Standing in the dock and dressed in white prison clothes, Adly denied accusations of money laundering and unlawful acquisition of public money.

"It didn't happen," he said twice, in a calm tone on Saturday.

Judge Al-Mohammadi Qunsua swiftly adjourned the hearing to April 2, after a heated exchange between the defence team and civil society lawyers attending the trial.

The defence had asked for more time to study the documents of the case.

Al-Adly was brought back to the prison where he will stay until the trial resumes.

Demand for death penalty

Cairo's criminal court in the Tagammu Khames suburb was surrounded by heavy security and army tanks were positioned at the entrance ahead of the high-profile trial.

Al Jazeera's Sherine Tadros, outside the court complex, said dozens of protesters had gathered there.

"They want Habib al-Adly to face more serious charges than just money laundering and profiteering which carries a maximum sentence of about seven years," she said.

"They want him to face charges on man slaughter for ordering his forces fire on protesters during the revolution. They're calling for his execution."

She said al-Adly was mobbed by the crowds when he left the courtroom.

A group chanted "the people want the execution of the murderer" as others held banners depicting al-Adly with a noose around his neck.

Al-Adly is the first member of ousted president Hosni Mubarak's regime to stand trial.

He was arrested last month as part of a sweeping corruption investigation by the new authorities, along with several former ministers and senior members of Mubarak's National Democratic Party.

Mubarak stepped down on February 11 following a popular uprising. Several former ministers and high officials have since been arrested, accused of embezzlement.

Egypt's public prosecutor has issued a travel ban on Mubarak and his family and ordered a freeze on their assets.

State security buildings seiged

Hours after al-Adly's court case was adjourned, protests had started forming around several state security buildings in Egypt, the largest crowd was formed in Nasr City, east of Cairo.

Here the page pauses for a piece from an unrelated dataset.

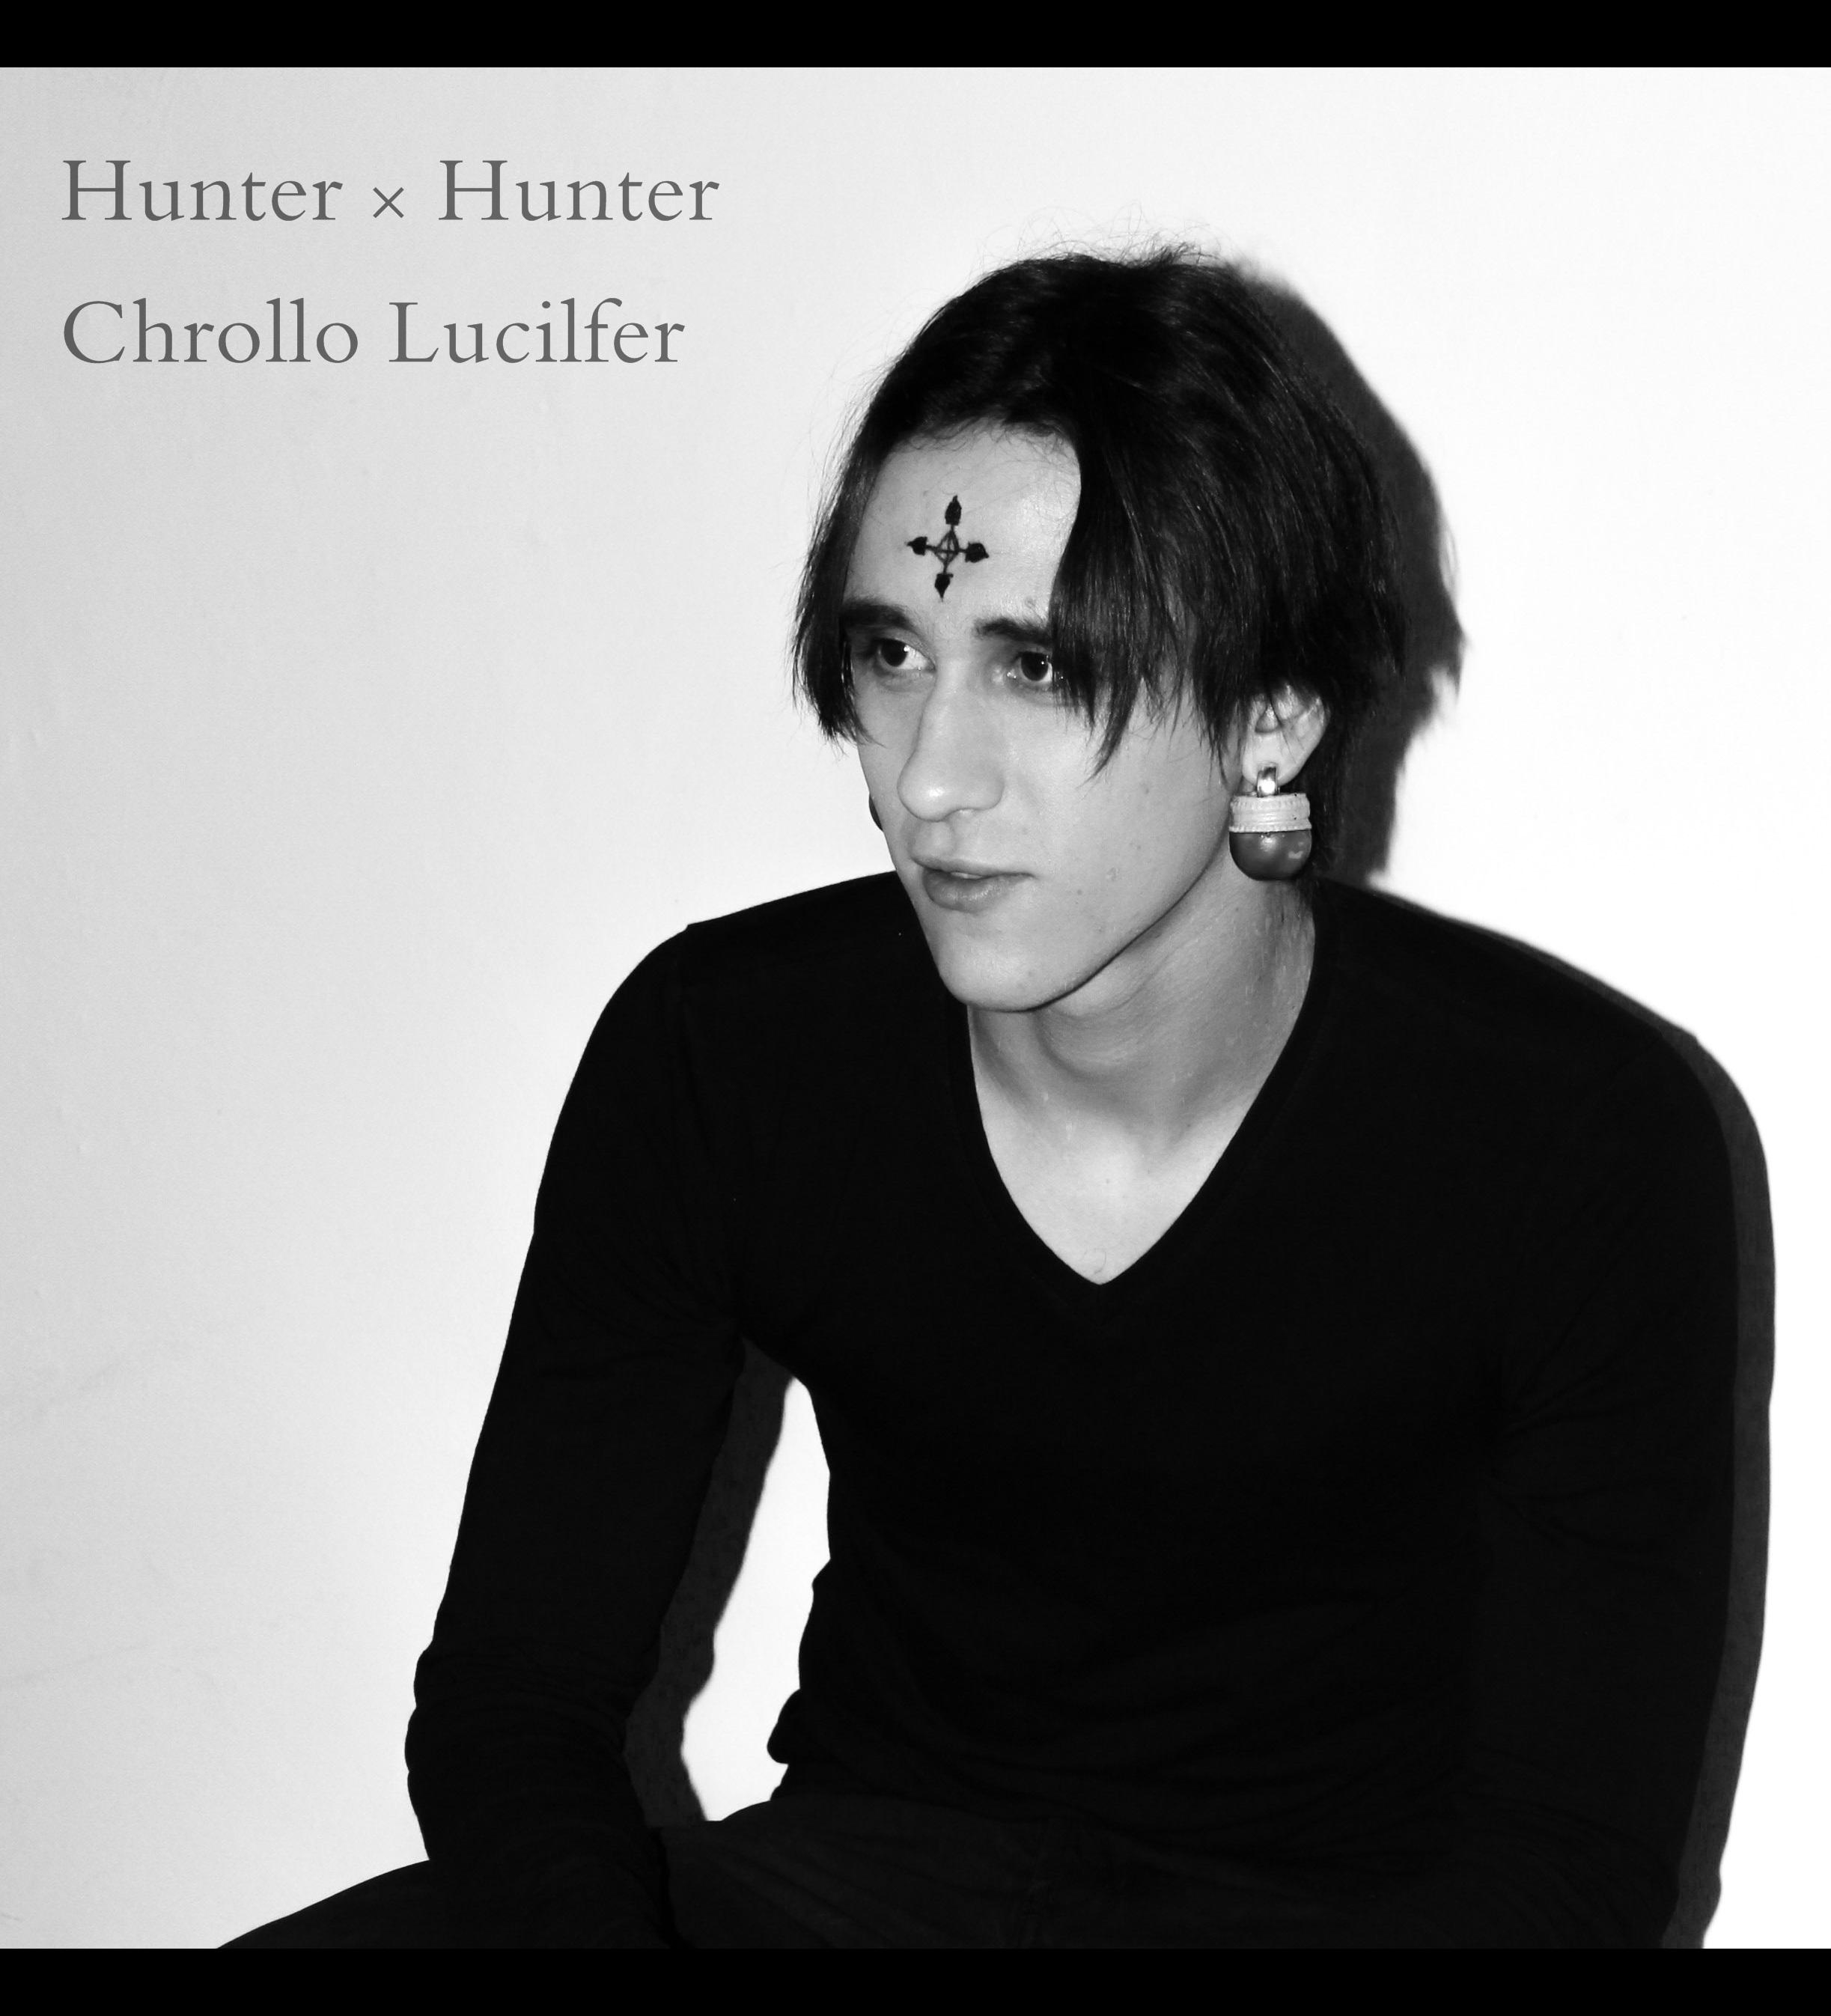 Kuroro Lucifer Hunter X Hunter By Dhax29 On Deviantart: Curse By Sid-Cosplay On DeviantArt

Rania Anaa, a protester who took part in the demonstration, told Al Jazeera: "Since 13GMT, hundreds of protesters had gathered in front of the state security building in Nasr City. A few hours later, I could estimate at least 3,000 people.

"The protesters managed to enter the state security compound from a side door, and they searched the building and found hundreds of documents,"  Anaa said in reference to files that have been kept on the population by the powerful regime apparatus of President Hosni Mubarak long accused of rights abuses.

Anaa said: "Now, we are trying to search for detainees because a lot of the protesters here believe there are hundreds of detaines being kept underground.

"I also heard that officials from the attorney general's office are coming to retrieve the documents and make proper use of them," she said.